__Instructions for the task__
Each line below must be reproduced exactly as it stands. Pictures stay out of the copy.

__Given information__
■ ■ ■ ■

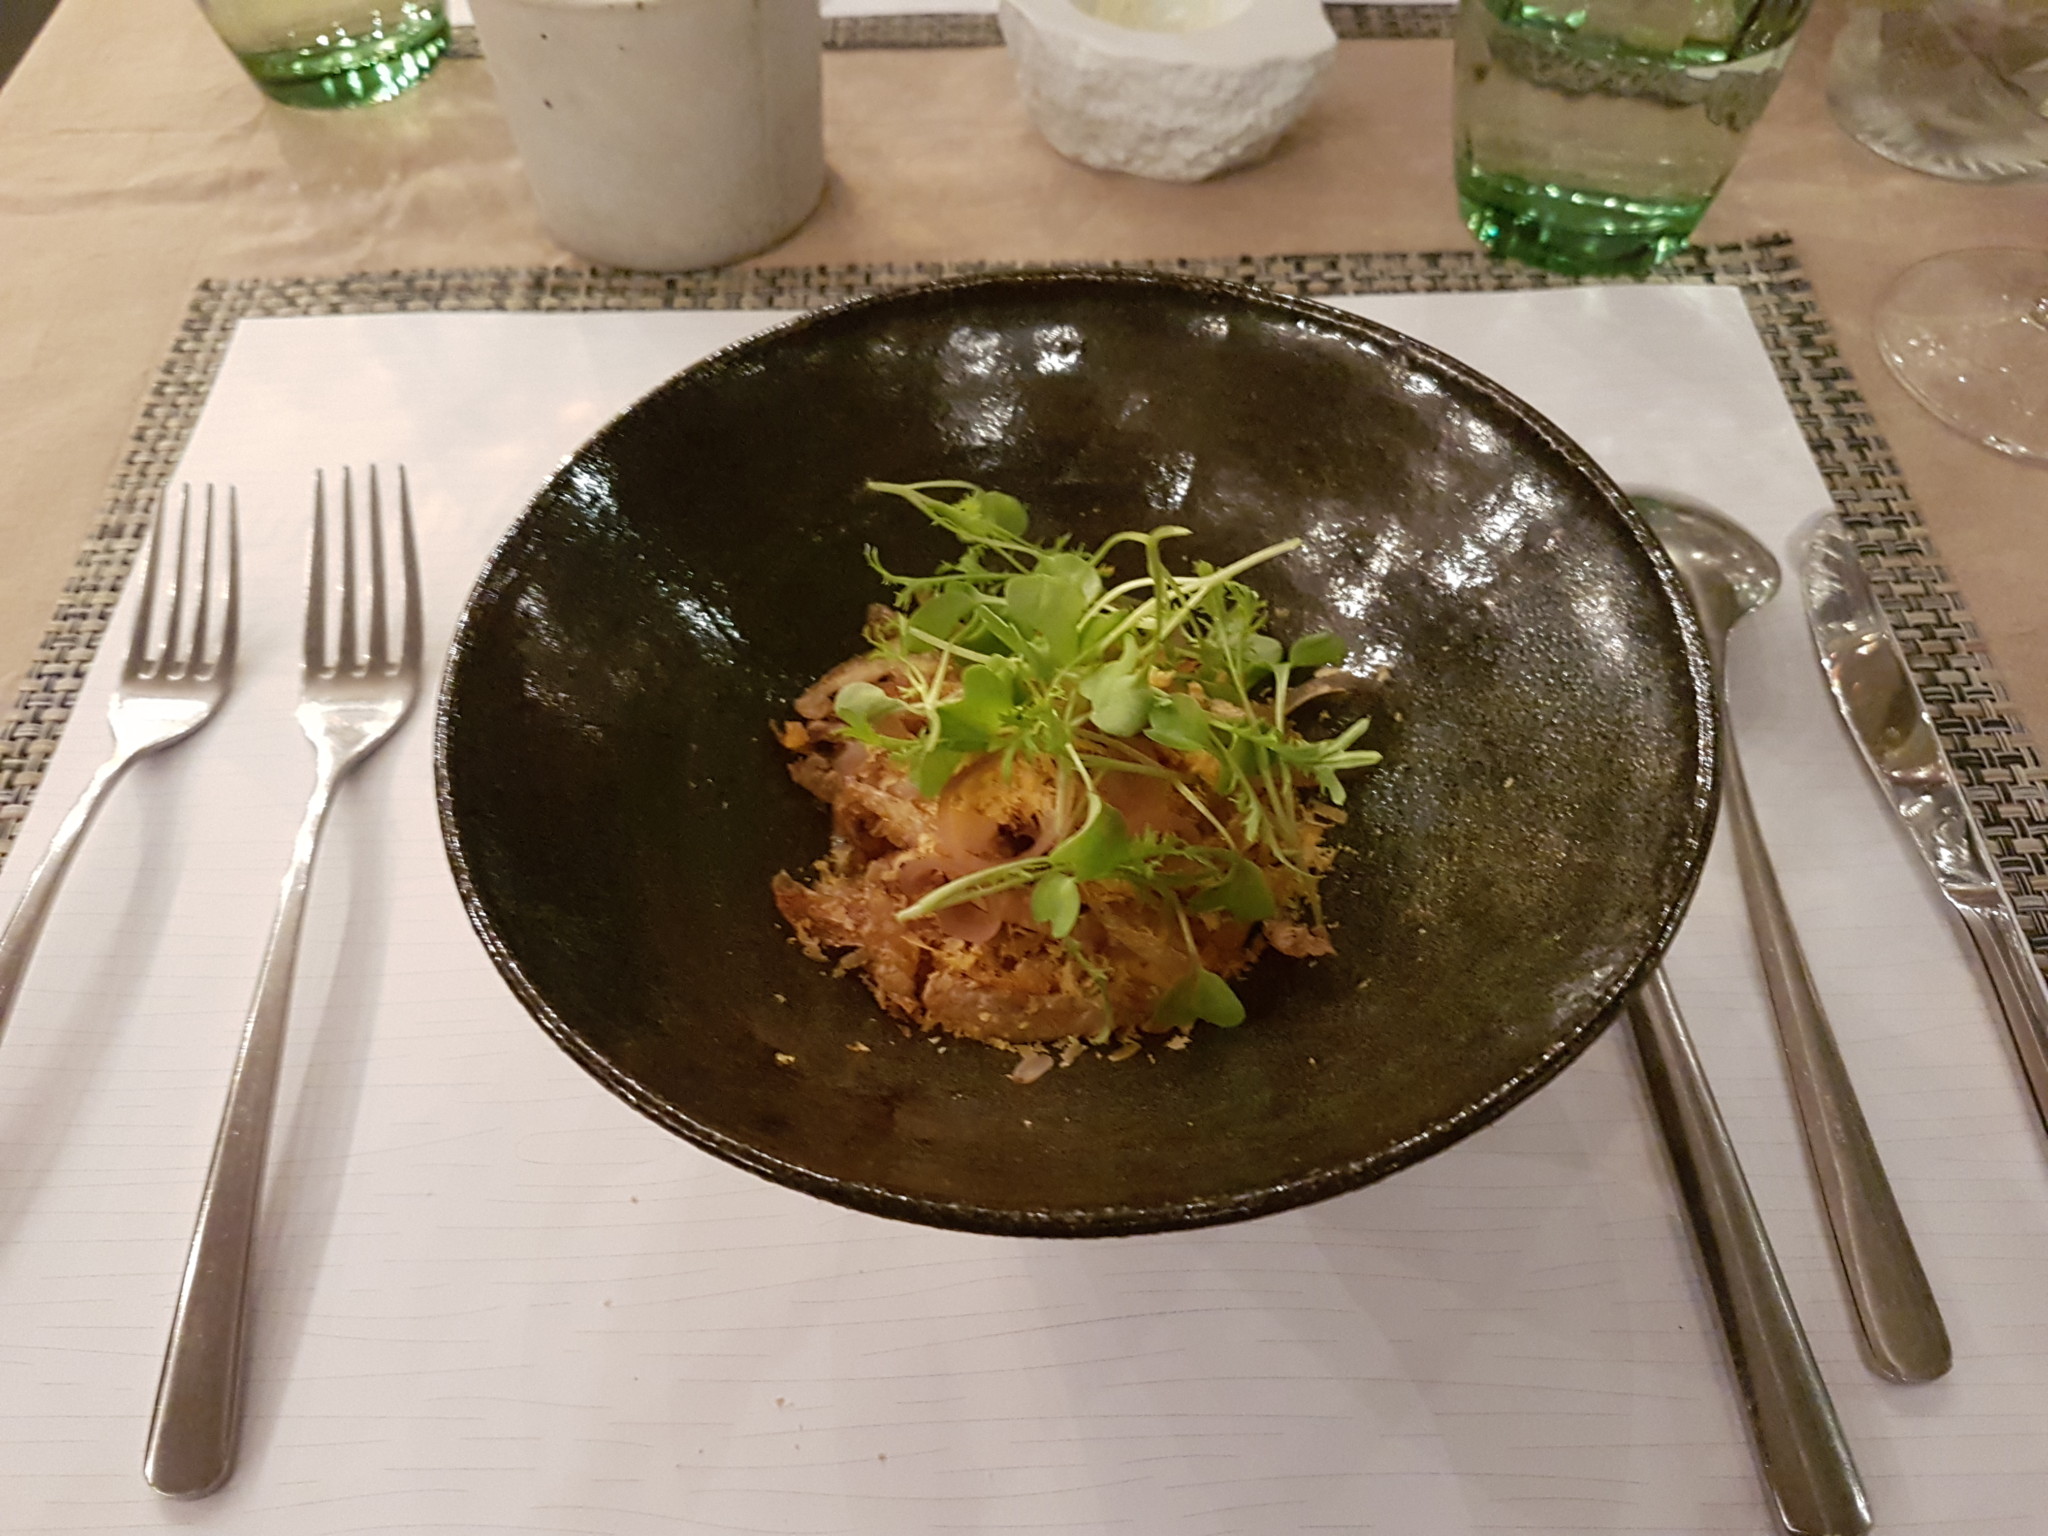 Michelin Star Tanti - The Chef Asked "What's the Worst Thing I Served Tonight"
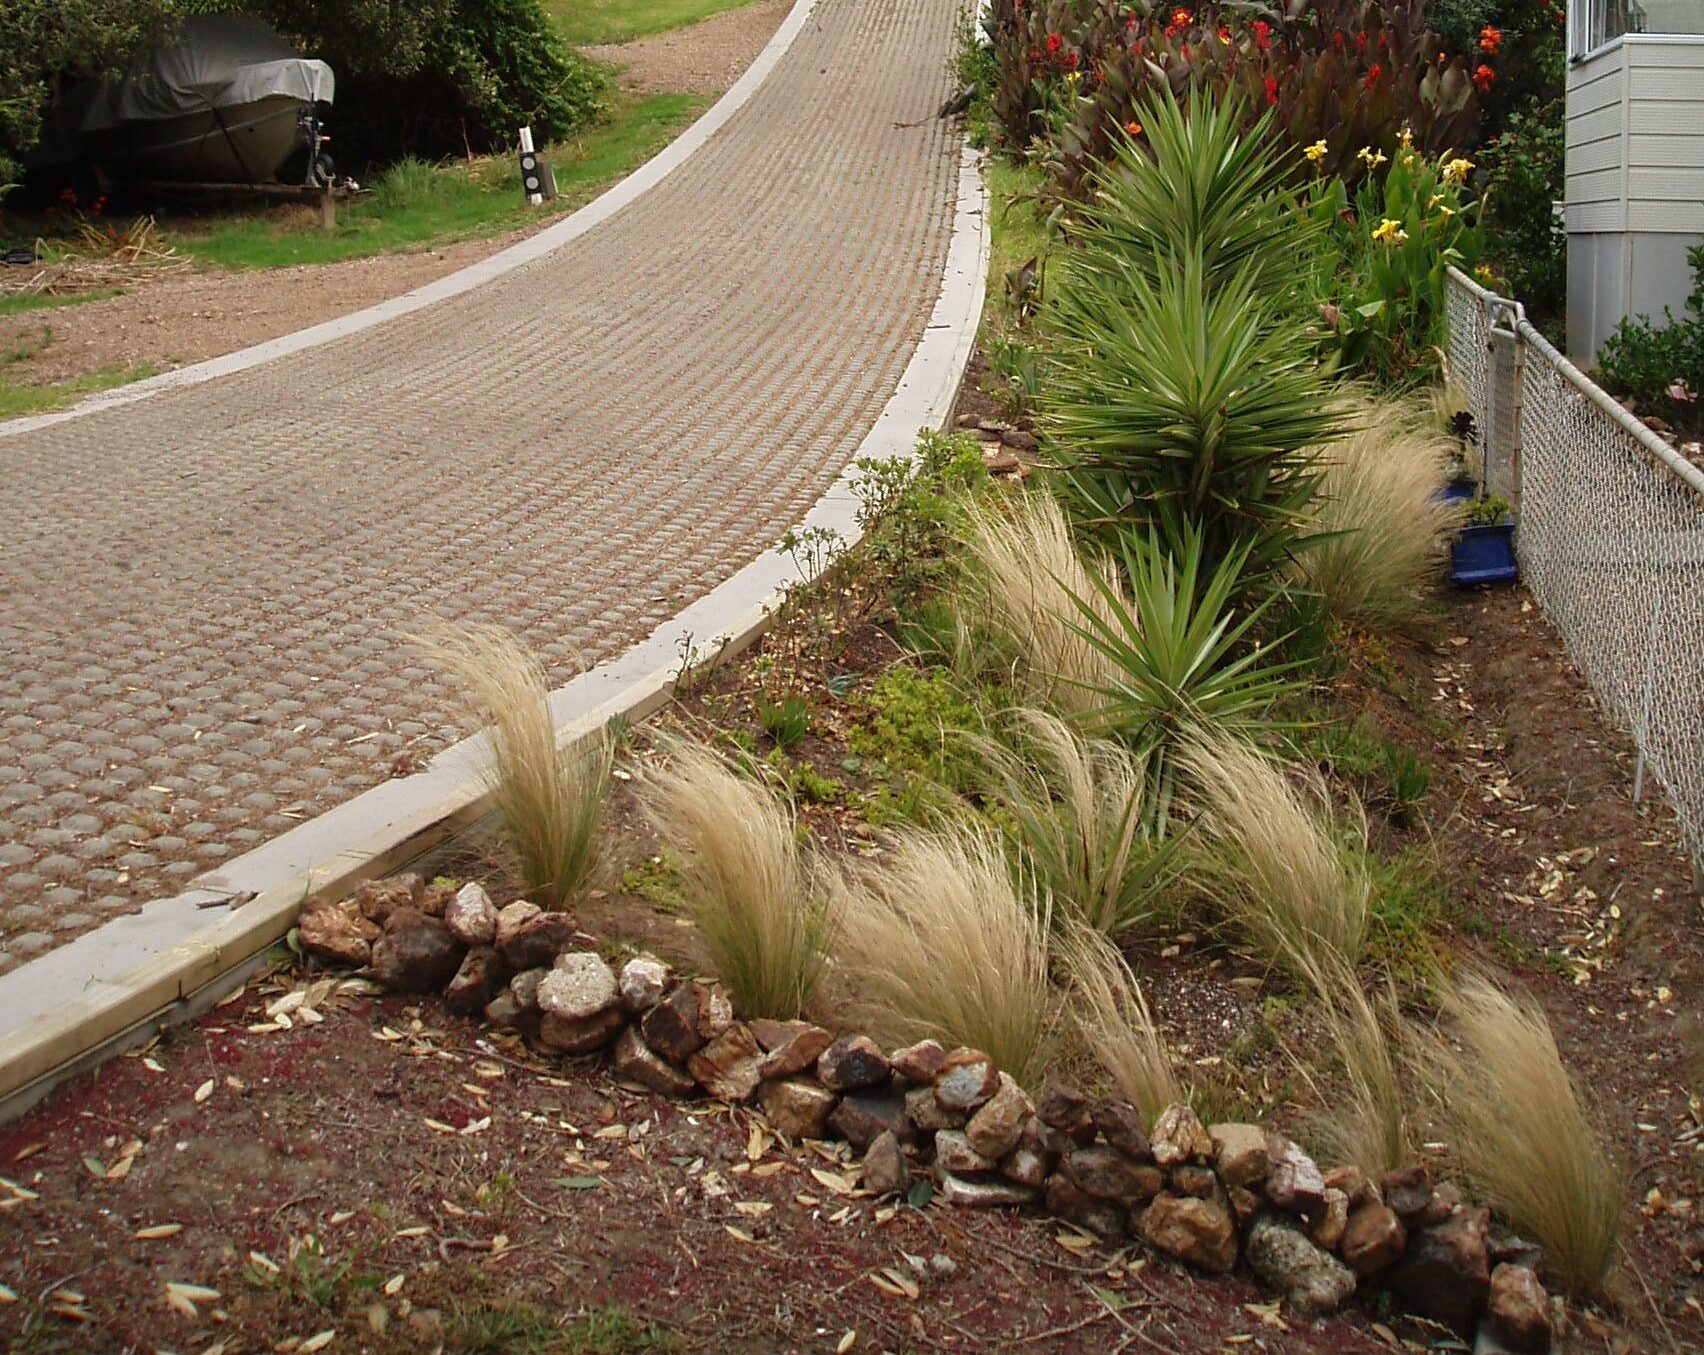 Photograph of Mexican feather grass planted next to a path.
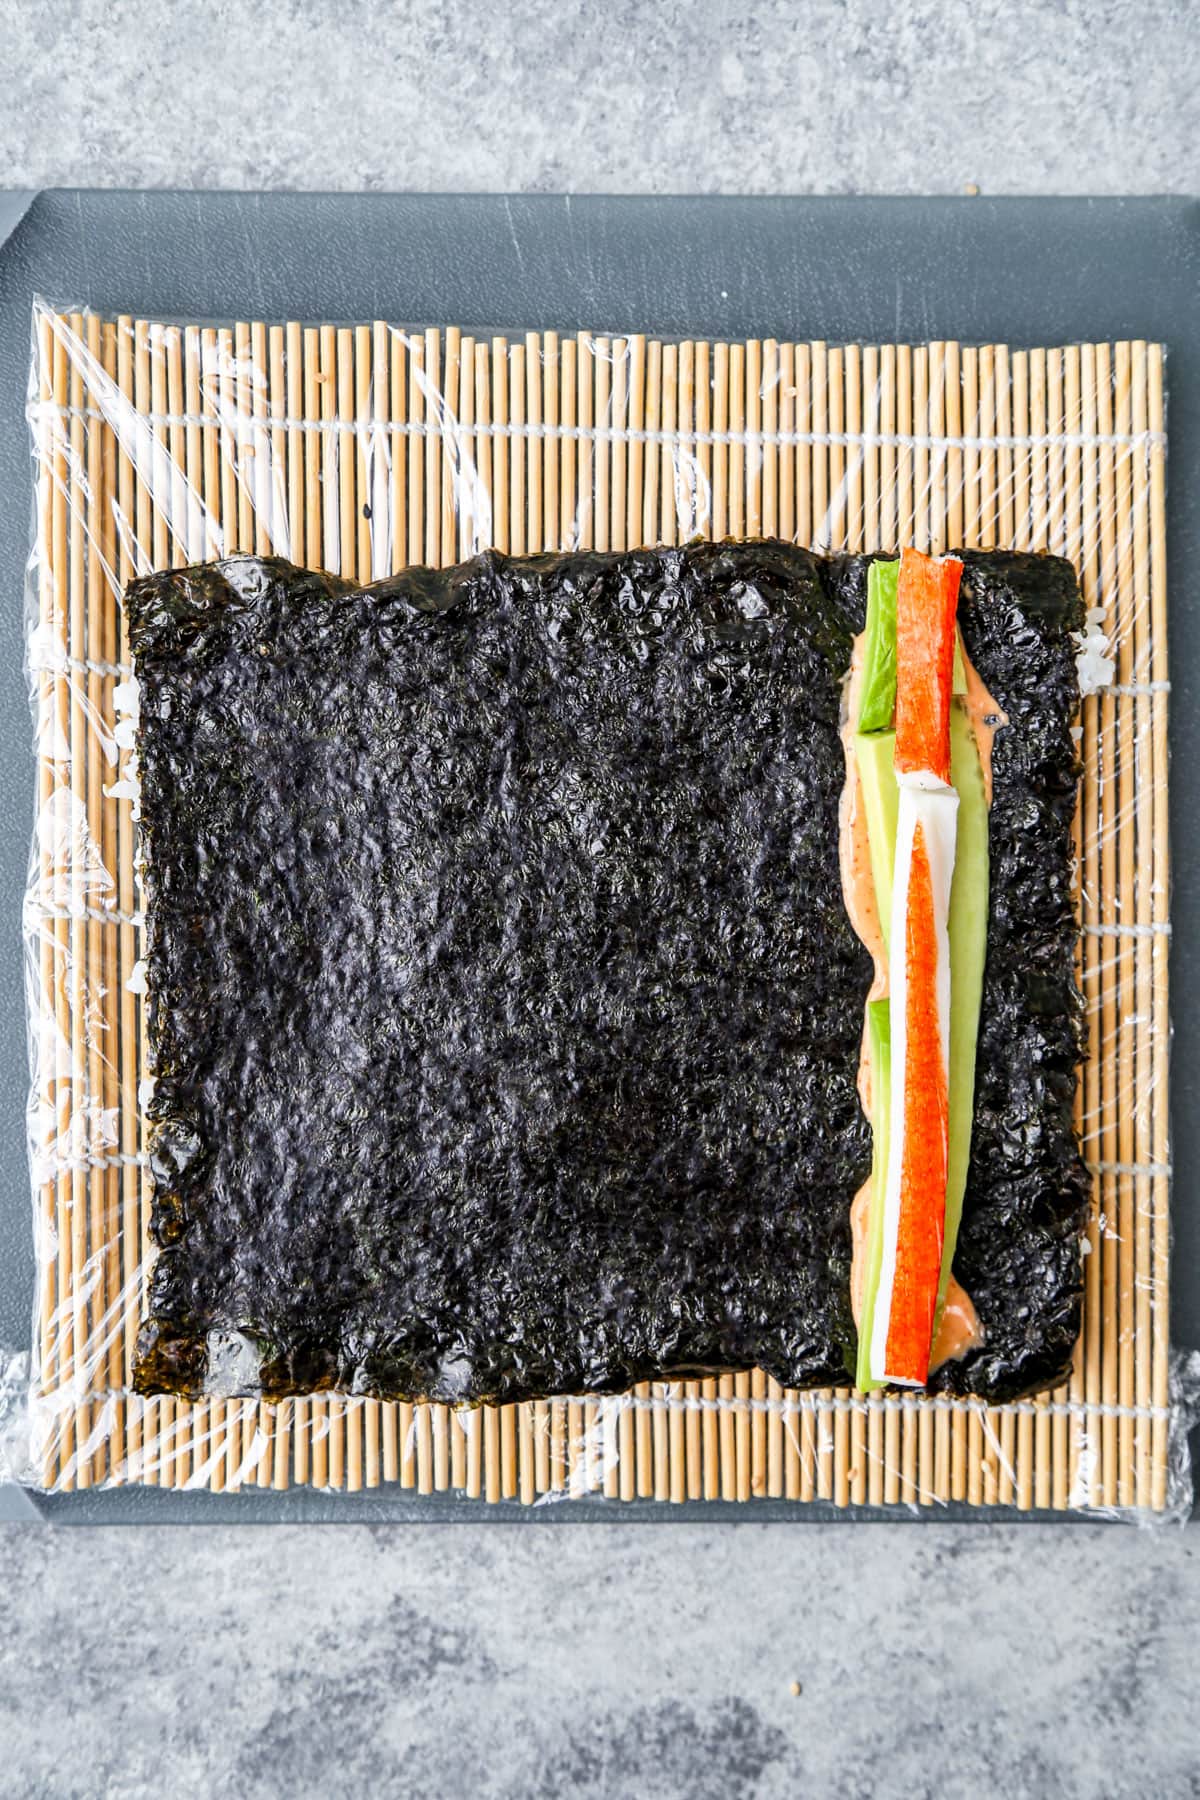 nori with vegetables

■ ■ ■ ■

__Response box__
 Michelin Star Tanti - The Chef Asked "What's the Worst Thing I Served Tonight"
 Photograph of Mexican feather grass planted next to a path.
 nori with vegetables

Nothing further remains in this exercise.